**WHAT THE TASK ASKS:** The range runs from the line containing "The Neuro-Patient Resource" through the last line of the material below; retype it exactly, leaving out the pictures.

**DATA SHOWN:**
-=-=-

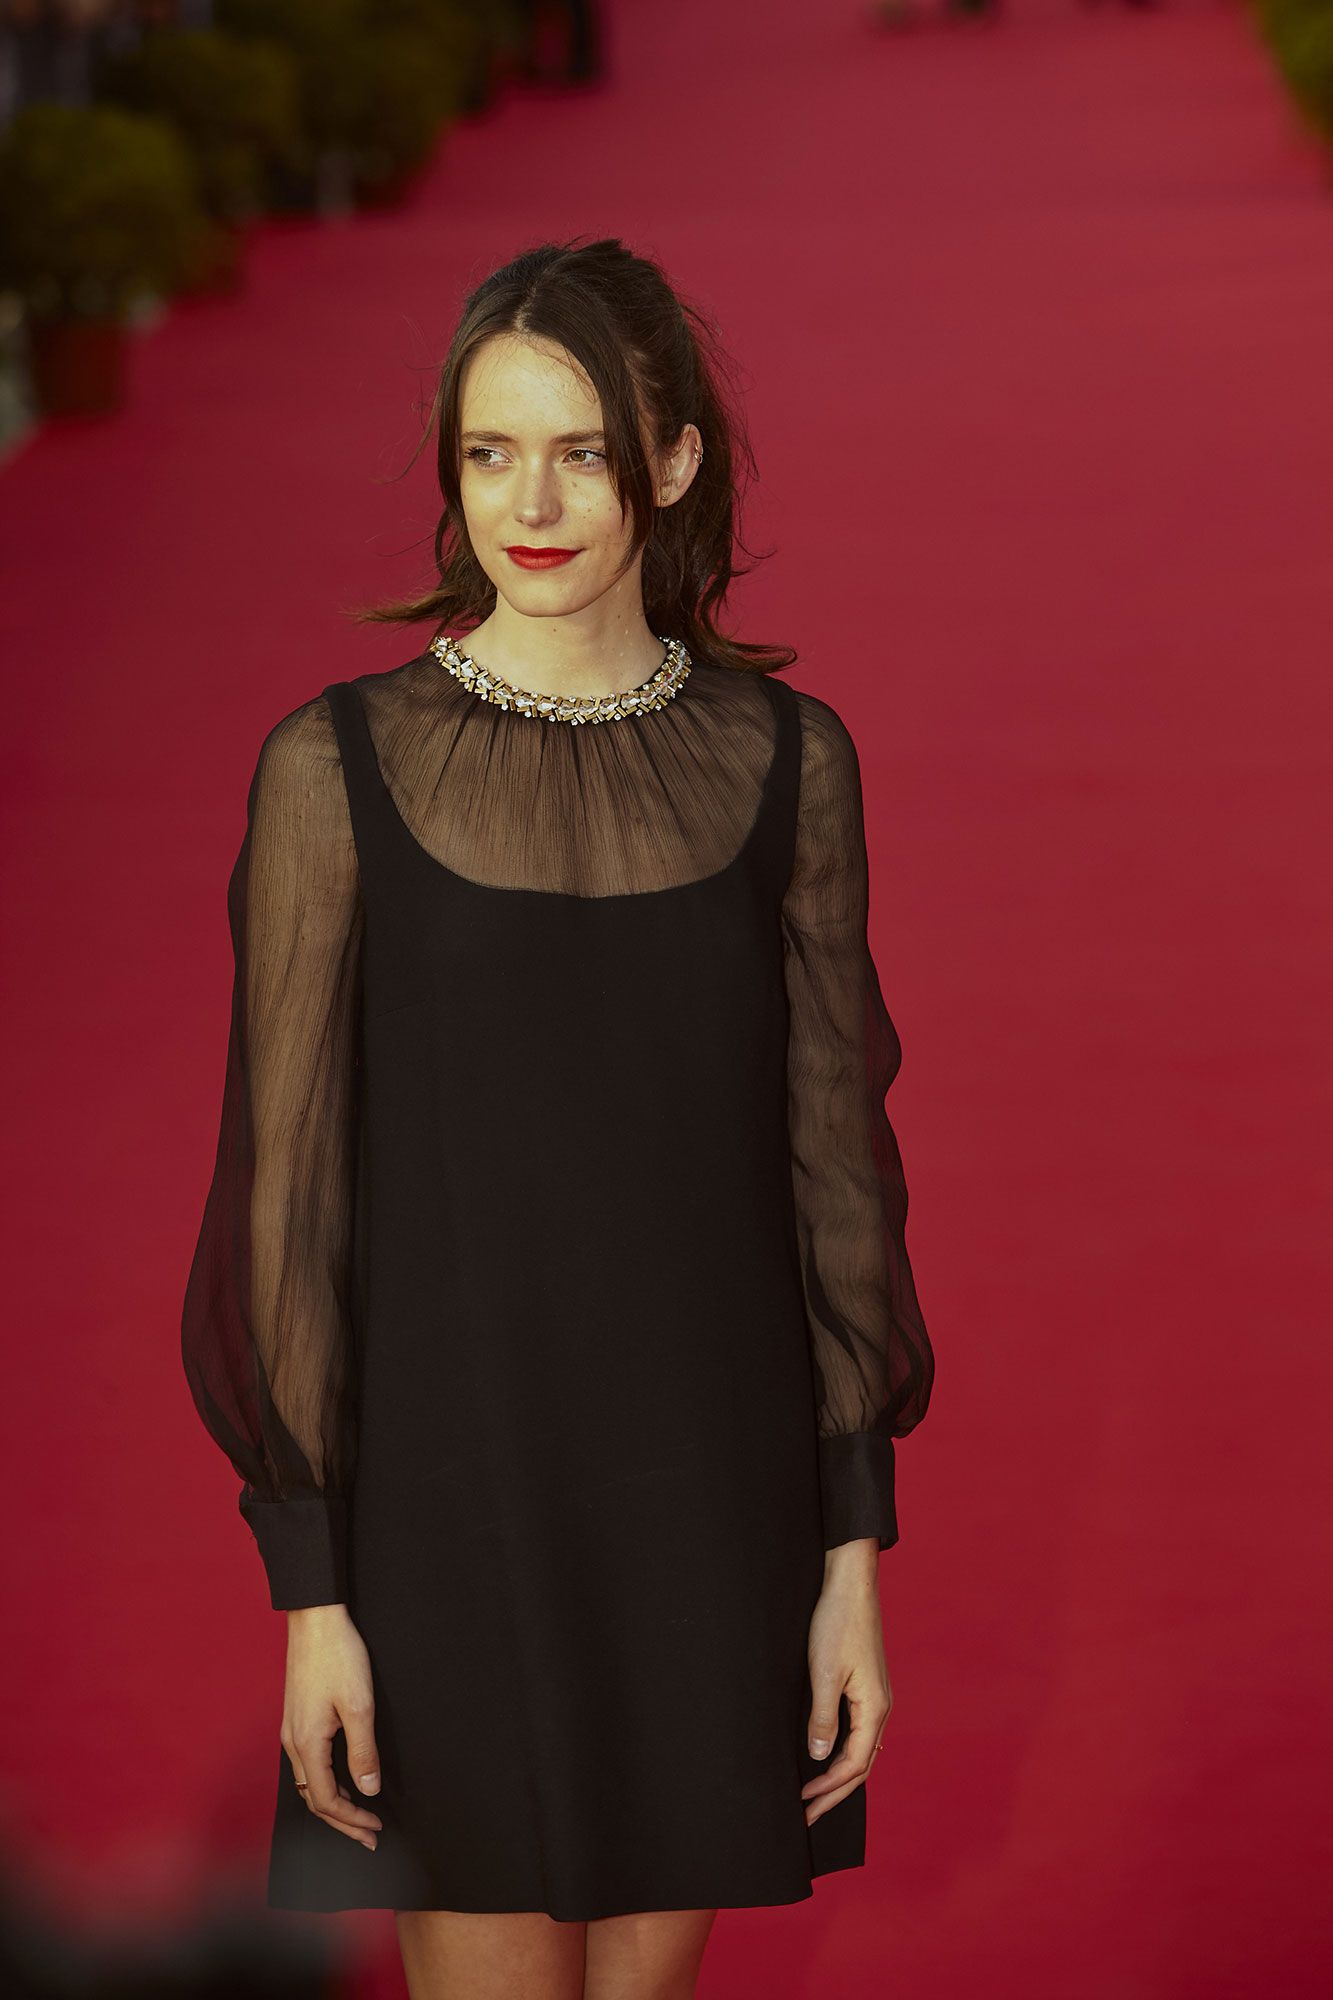 Stacy Martin
*Maquillage Dr Hauschka Coiffure Franck Provost*, *Roger Vivier *
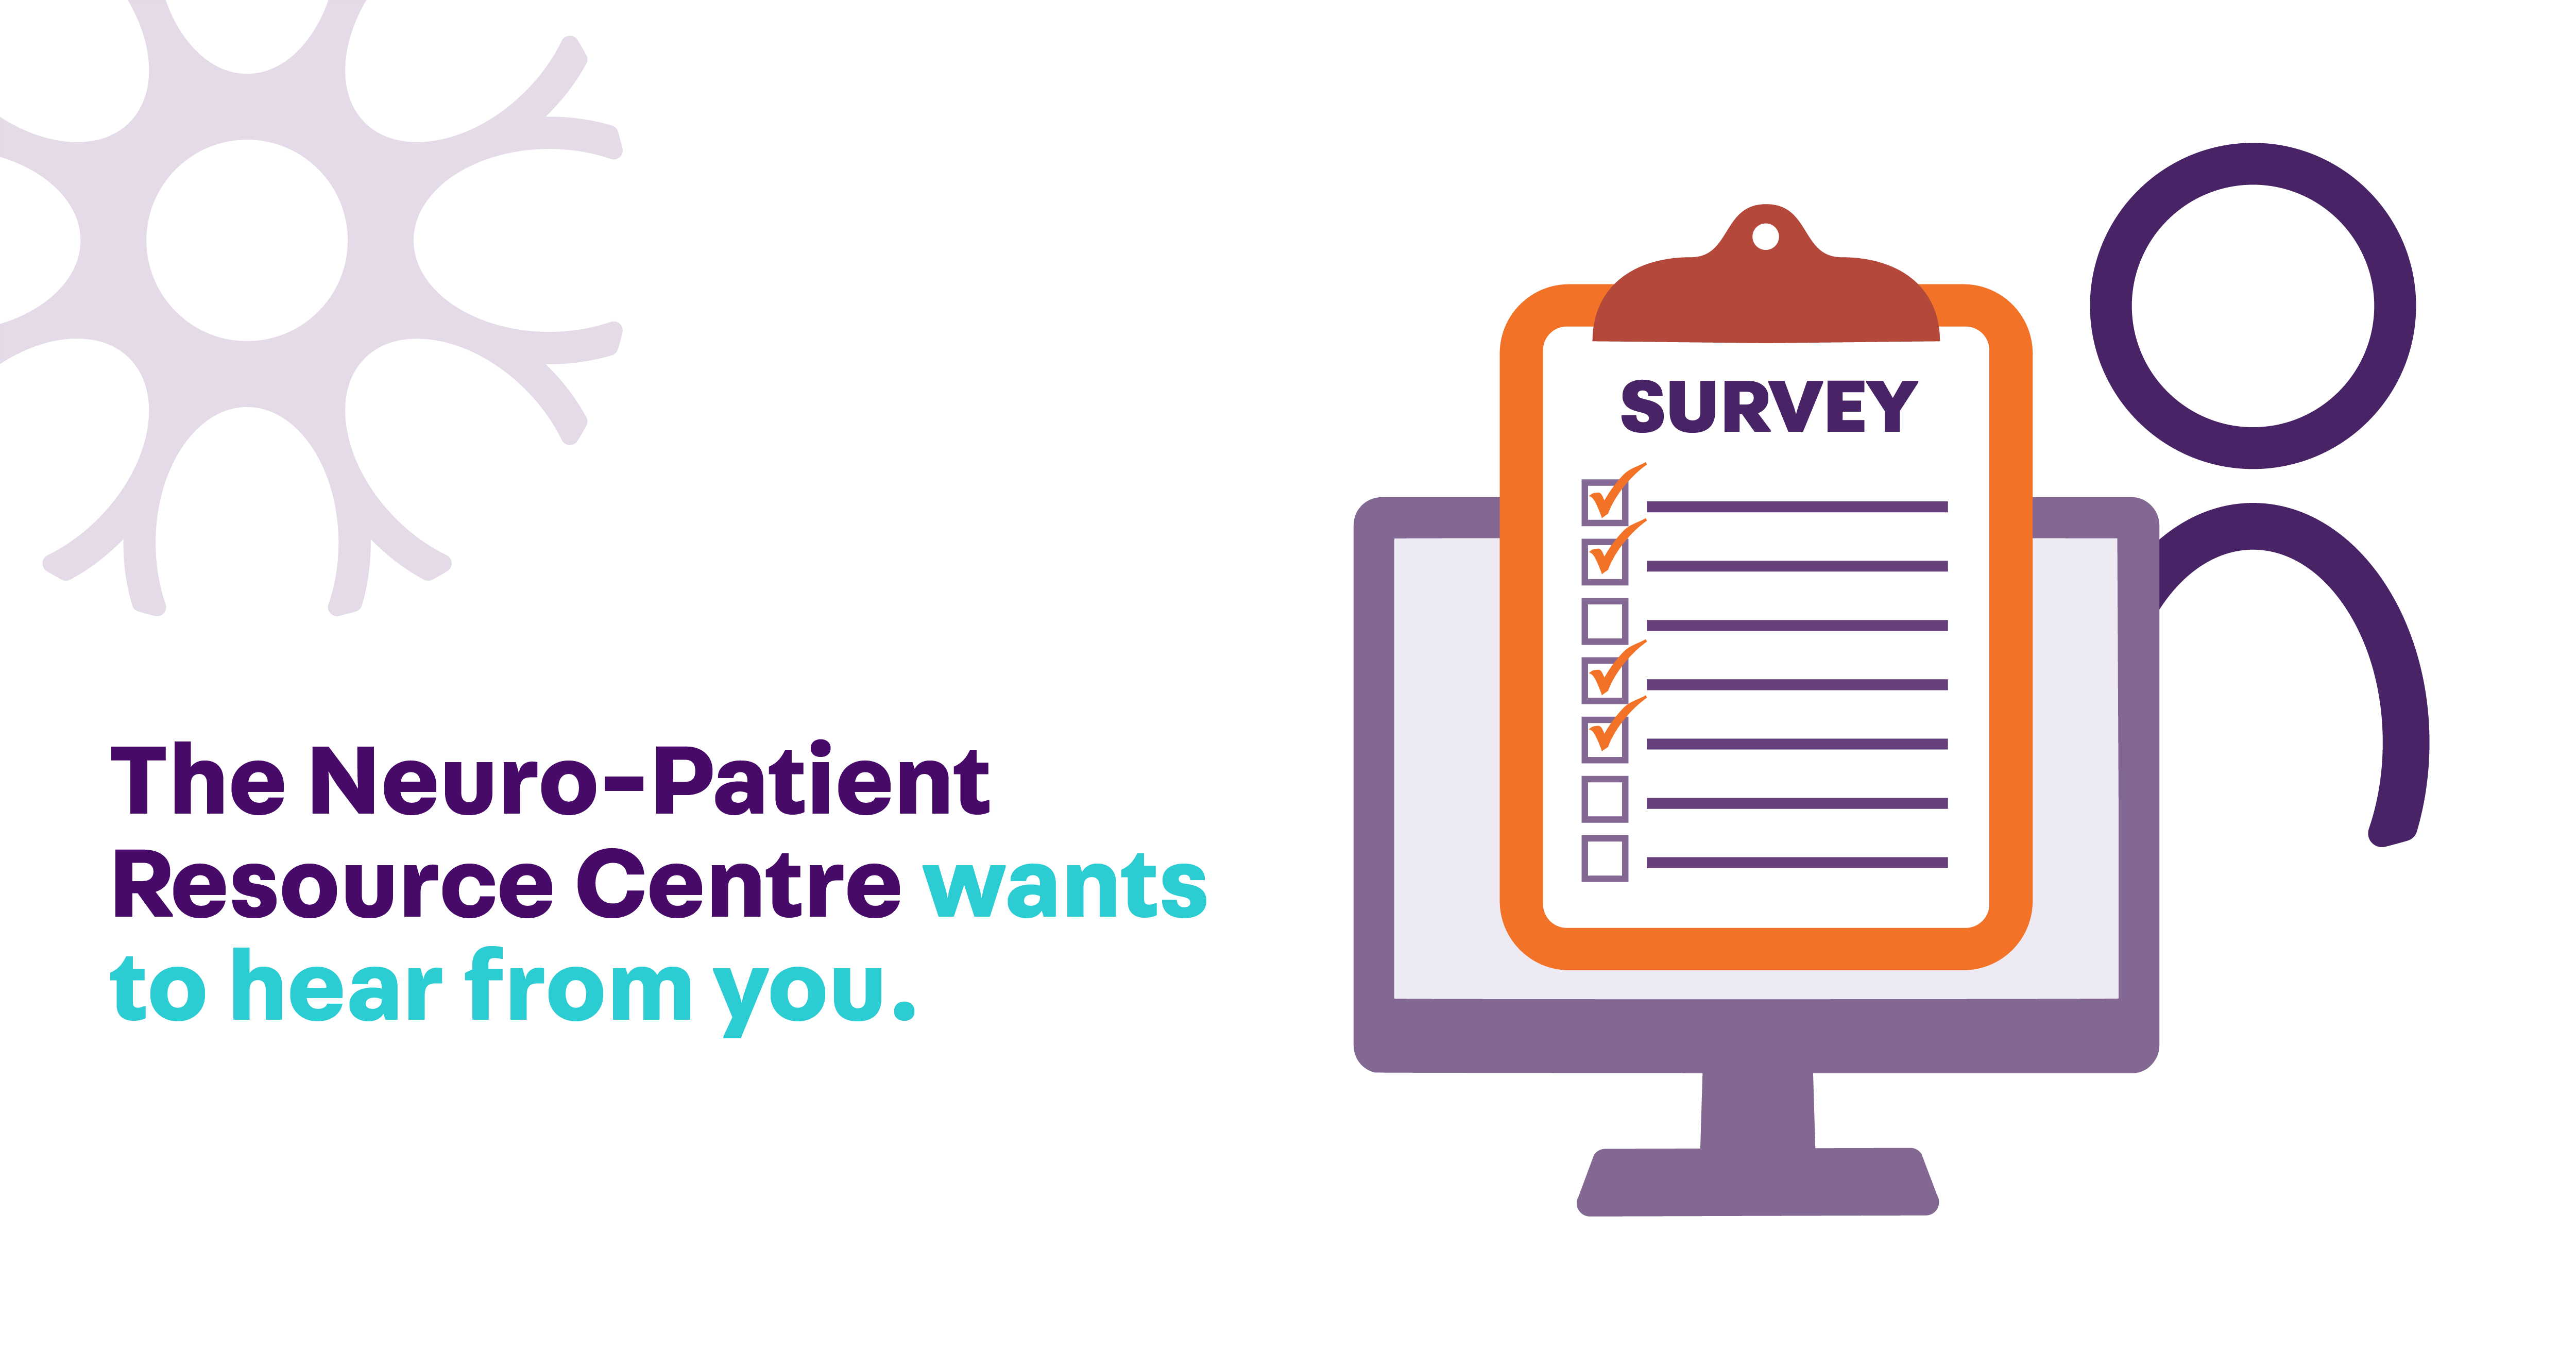 The Neuro-Patient Resource Centre wants to hear from you
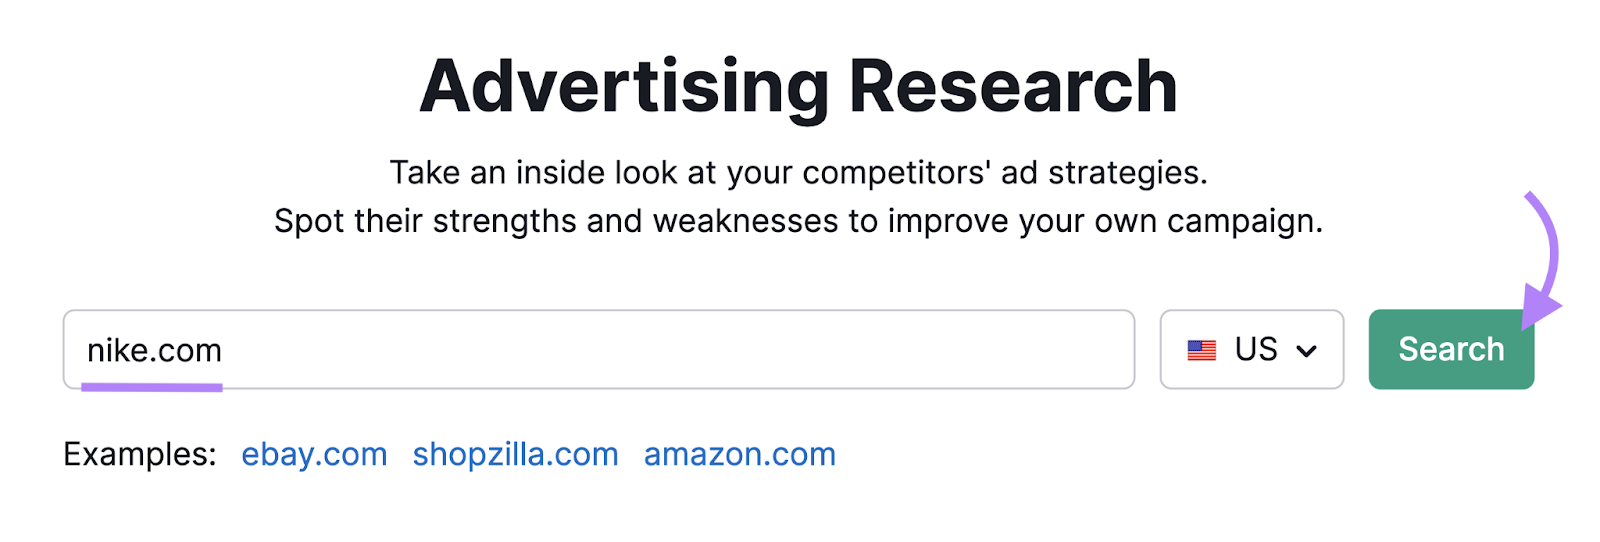 "nike.com" entered into the Advertising Research tool

-=-=-

**REPLY TO THE TASK:**
 The Neuro-Patient Resource Centre wants to hear from you
 "nike.com" entered into the Advertising Research tool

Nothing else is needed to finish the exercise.